Montana City School is rethinking an infrastructure project after receiving only a fraction of the funding it sought from a one-time-only Montana Department of Commerce program.

“It was great to find out we were a grant recipient, but the amount awarded is only one-third of the estimated cost of the project as designed,” Montana City School Superintendent Tony Kloker said by email.

The school sought $229,750 for a $254,750 project to install a new well and well house due to the contamination of its existing well. It was awarded a grant of $74,529.

“With our enrollment shooting up to over 500 students and the school only increasing the operational levy two times in the last eight years, we do not have funds to cover the other two-thirds of the estimated cost to complete the project,” Kloker wrote.

The funding came from the Delivering Local Assistance program, which was created in the 2019 legislative session and appropriated $21.5 million for infrastructure projects in communities impacted by “a growth or decline associated with coal, oil, gas or timber development,” according to the Department of Commerce website. Grants were to be distributed equally between local governments and local school districts, and the program was authorized only for the 2021 Biennium.

Emilie Saunders, a spokesperson for the Department of Commerce, said in an email that demand for infrastructure funding through the program was high.

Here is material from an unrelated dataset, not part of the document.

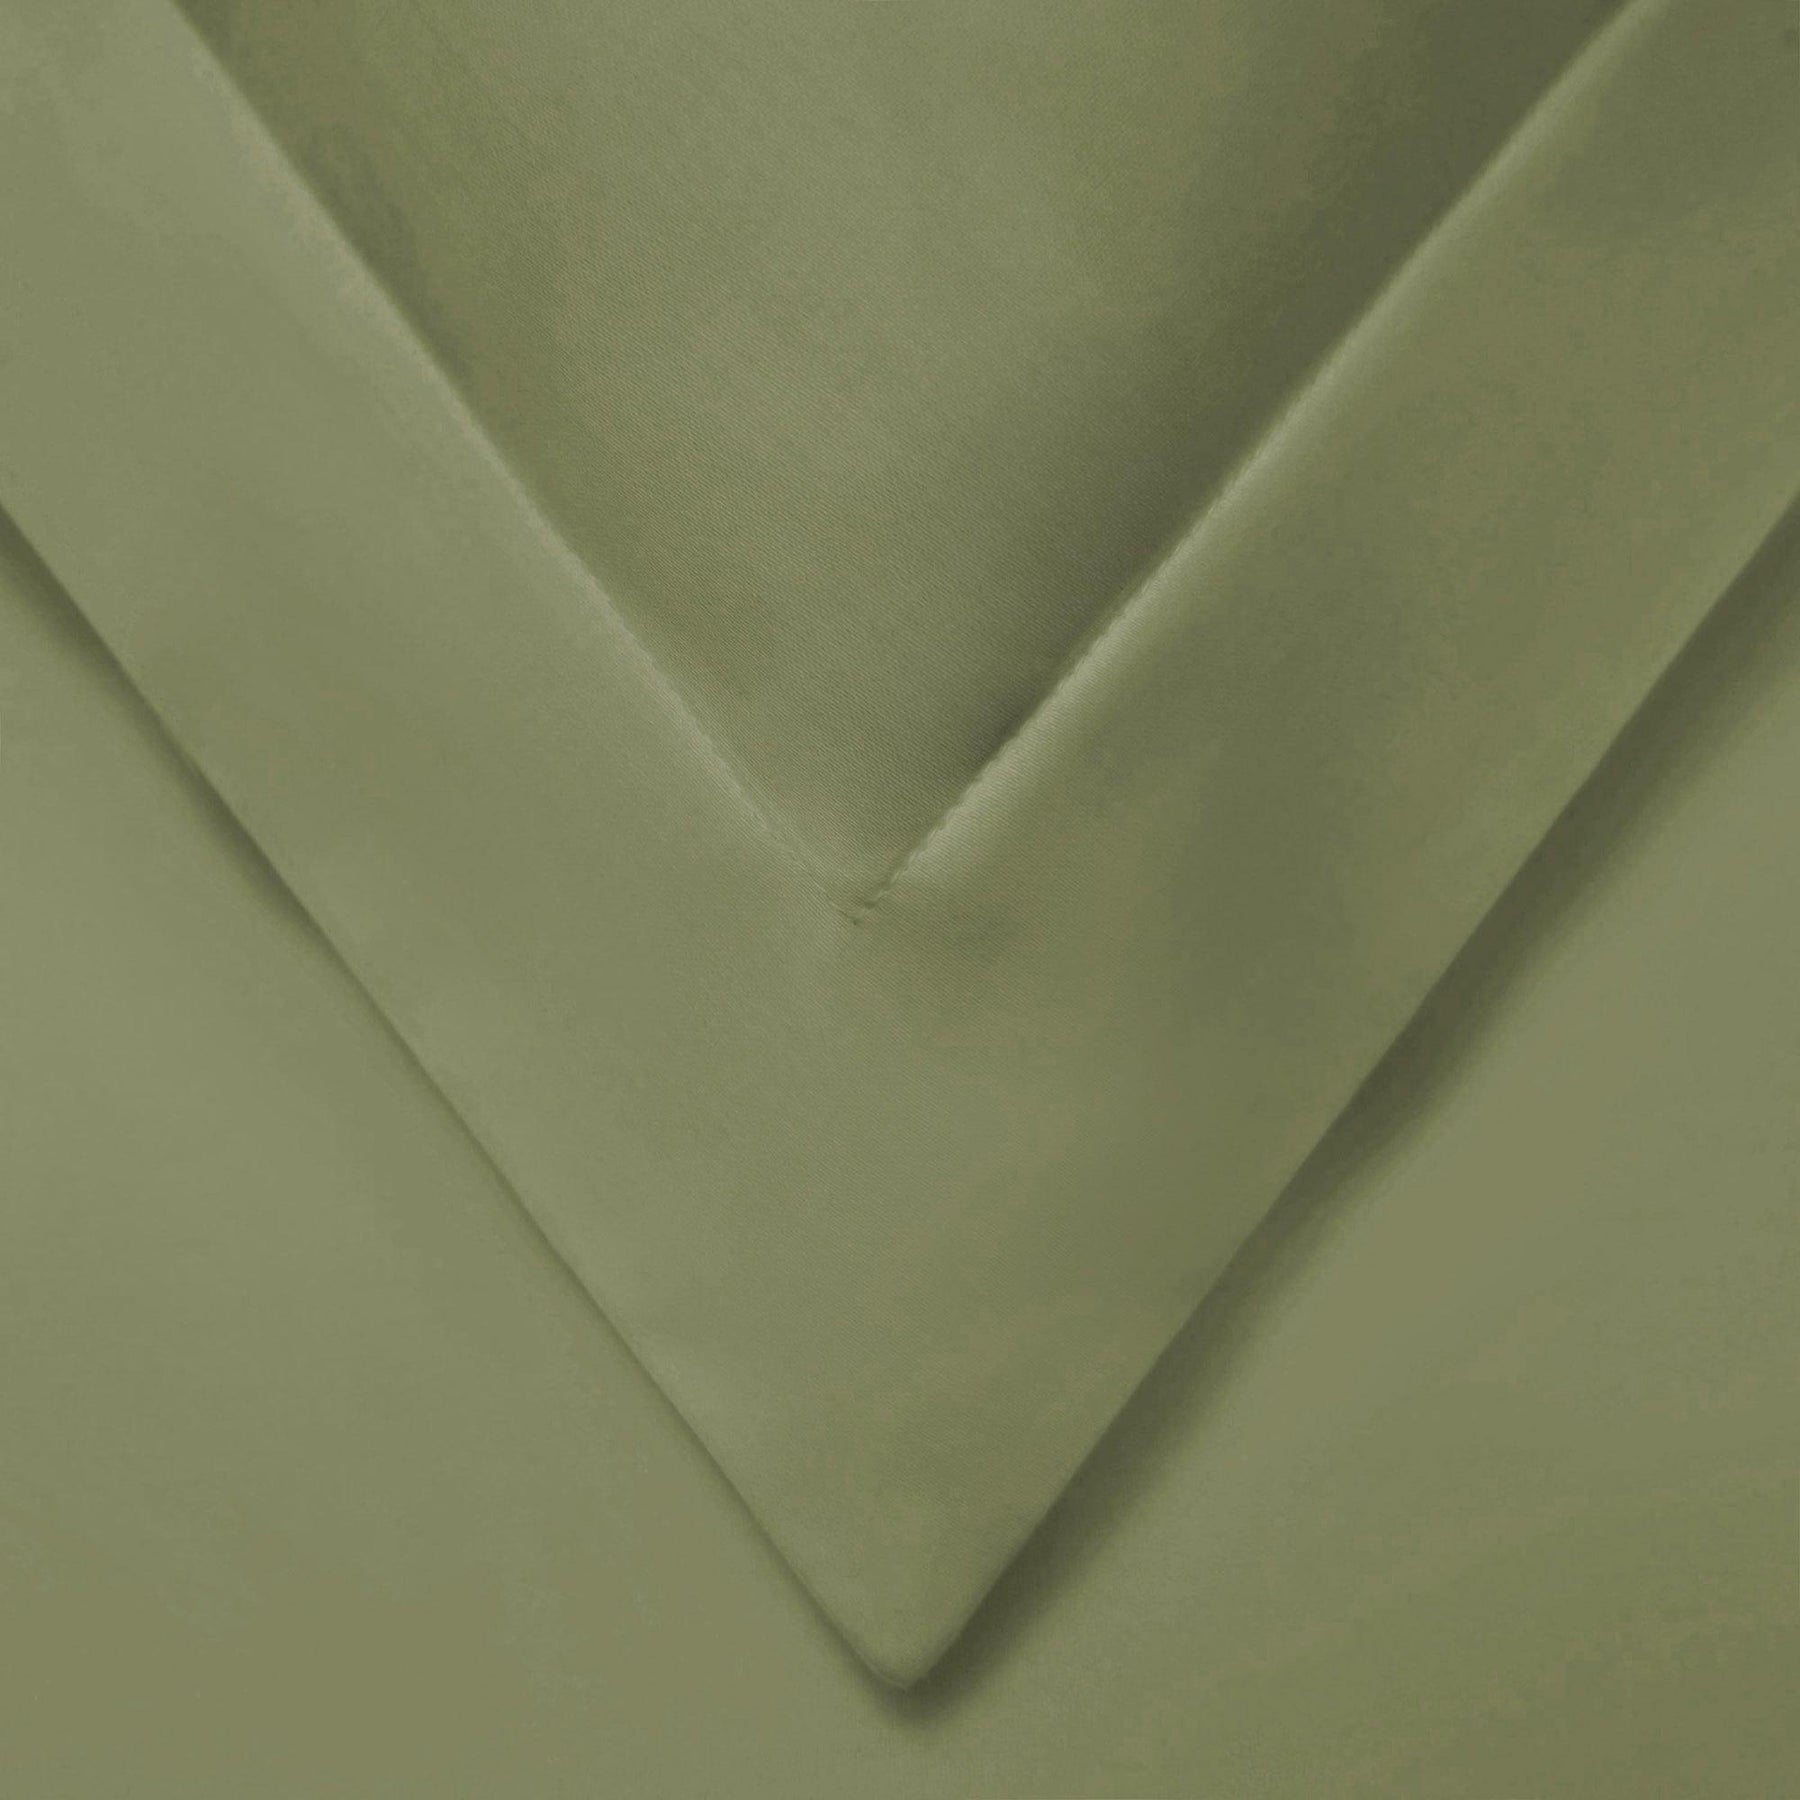  Superior Solid Cotton Blend Duvet Cover Set - Sage

“We received an astounding 191 applications requesting nearly $83 million ... for a $21.5 million program,” she wrote. “Every single application we received demonstrated a vital need. However, because of funding restrictions, this one-time program funds the most critically needed projects.”

Twenty-eight awards totaling $11.36 million were made to schools and 17 awards totaling $10.13 million were made to local governments, Saunders wrote.

Kloker listed three options the school would consider: change the project scope “to lower the cost with the same goal of getting a new source of drinking water”; using monies the school will collect for leasing its property to the county as a temporary landfill site during reconstruction of the Montana City landfill; and looking for other grants or loans to apply for.

“At the same time, we will continue to focus on the main priority of ensuring we have sufficient funding to cover the increased operational costs associated with educating more students,” he wrote.

Saunders wrote that projects must meet startup conditions, including their financing package, by Sept. 30.

The school’s project was the only one of five county infrastructure projects seeking funding to receive any.